BEGIN

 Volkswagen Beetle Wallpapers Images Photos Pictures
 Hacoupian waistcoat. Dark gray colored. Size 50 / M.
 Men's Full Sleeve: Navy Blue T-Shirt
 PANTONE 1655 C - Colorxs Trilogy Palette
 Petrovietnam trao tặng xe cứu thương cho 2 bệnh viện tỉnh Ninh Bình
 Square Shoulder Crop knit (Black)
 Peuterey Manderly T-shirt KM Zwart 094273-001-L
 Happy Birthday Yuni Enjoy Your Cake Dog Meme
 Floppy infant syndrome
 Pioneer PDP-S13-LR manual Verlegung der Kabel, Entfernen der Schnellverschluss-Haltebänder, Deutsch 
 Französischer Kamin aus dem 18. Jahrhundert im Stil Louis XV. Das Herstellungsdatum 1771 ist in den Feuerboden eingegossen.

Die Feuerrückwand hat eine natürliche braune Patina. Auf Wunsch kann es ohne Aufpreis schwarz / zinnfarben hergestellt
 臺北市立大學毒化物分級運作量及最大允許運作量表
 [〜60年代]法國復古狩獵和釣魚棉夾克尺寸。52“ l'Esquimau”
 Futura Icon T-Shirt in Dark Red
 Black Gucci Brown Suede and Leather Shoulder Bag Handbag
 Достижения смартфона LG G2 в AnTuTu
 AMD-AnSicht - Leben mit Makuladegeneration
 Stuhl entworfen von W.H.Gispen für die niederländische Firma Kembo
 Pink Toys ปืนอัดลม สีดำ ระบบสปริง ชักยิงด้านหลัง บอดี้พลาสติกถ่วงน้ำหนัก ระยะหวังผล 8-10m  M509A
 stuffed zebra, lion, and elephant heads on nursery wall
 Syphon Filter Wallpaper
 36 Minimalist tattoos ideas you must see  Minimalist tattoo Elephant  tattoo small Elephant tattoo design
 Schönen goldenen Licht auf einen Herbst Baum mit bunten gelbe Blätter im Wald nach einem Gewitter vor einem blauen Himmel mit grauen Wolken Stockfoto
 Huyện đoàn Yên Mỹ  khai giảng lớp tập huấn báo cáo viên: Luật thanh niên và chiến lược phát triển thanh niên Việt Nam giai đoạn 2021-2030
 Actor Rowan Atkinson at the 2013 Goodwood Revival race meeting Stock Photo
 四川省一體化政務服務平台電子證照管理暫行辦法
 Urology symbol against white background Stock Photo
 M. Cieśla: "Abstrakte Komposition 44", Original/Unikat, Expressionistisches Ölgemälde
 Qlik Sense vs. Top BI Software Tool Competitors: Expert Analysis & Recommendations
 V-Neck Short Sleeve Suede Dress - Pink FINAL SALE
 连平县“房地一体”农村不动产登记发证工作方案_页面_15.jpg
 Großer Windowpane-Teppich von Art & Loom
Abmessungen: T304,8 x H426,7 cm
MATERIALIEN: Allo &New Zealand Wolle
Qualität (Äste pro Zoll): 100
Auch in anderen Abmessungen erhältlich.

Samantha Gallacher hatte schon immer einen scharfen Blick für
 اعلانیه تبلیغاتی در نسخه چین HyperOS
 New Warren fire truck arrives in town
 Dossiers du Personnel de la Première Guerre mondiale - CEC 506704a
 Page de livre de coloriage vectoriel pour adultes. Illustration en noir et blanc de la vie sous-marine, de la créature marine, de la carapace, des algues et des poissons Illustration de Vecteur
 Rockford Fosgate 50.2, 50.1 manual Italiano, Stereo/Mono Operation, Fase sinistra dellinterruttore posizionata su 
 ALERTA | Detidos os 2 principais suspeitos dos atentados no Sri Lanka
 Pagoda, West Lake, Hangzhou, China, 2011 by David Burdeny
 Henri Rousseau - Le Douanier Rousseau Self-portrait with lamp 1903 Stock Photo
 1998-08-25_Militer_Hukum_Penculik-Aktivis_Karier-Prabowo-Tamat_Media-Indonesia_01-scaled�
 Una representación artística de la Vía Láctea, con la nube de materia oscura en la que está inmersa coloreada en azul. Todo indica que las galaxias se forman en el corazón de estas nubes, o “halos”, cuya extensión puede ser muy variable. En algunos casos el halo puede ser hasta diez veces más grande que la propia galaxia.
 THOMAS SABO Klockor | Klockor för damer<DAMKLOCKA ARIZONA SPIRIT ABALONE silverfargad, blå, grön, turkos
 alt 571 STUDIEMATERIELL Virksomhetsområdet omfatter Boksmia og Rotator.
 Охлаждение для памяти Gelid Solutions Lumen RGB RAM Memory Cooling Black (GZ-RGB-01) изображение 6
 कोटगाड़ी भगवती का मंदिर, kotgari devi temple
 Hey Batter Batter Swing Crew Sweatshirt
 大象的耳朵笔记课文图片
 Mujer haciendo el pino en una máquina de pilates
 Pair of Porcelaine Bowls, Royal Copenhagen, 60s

END

### Work task:
Whatever else the listing above holds, retype exactly only the lines from the one containing "Page de livre" to the one containing "alt 571 STUDIEMATERIELL", both ends kept.

### Written answer:
 Page de livre de coloriage vectoriel pour adultes. Illustration en noir et blanc de la vie sous-marine, de la créature marine, de la carapace, des algues et des poissons Illustration de Vecteur
 Rockford Fosgate 50.2, 50.1 manual Italiano, Stereo/Mono Operation, Fase sinistra dellinterruttore posizionata su 
 ALERTA | Detidos os 2 principais suspeitos dos atentados no Sri Lanka
 Pagoda, West Lake, Hangzhou, China, 2011 by David Burdeny
 Henri Rousseau - Le Douanier Rousseau Self-portrait with lamp 1903 Stock Photo
 1998-08-25_Militer_Hukum_Penculik-Aktivis_Karier-Prabowo-Tamat_Media-Indonesia_01-scaled�
 Una representación artística de la Vía Láctea, con la nube de materia oscura en la que está inmersa coloreada en azul. Todo indica que las galaxias se forman en el corazón de estas nubes, o “halos”, cuya extensión puede ser muy variable. En algunos casos el halo puede ser hasta diez veces más grande que la propia galaxia.
 THOMAS SABO Klockor | Klockor för damer<DAMKLOCKA ARIZONA SPIRIT ABALONE silverfargad, blå, grön, turkos
 alt 571 STUDIEMATERIELL Virksomhetsområdet omfatter Boksmia og Rotator.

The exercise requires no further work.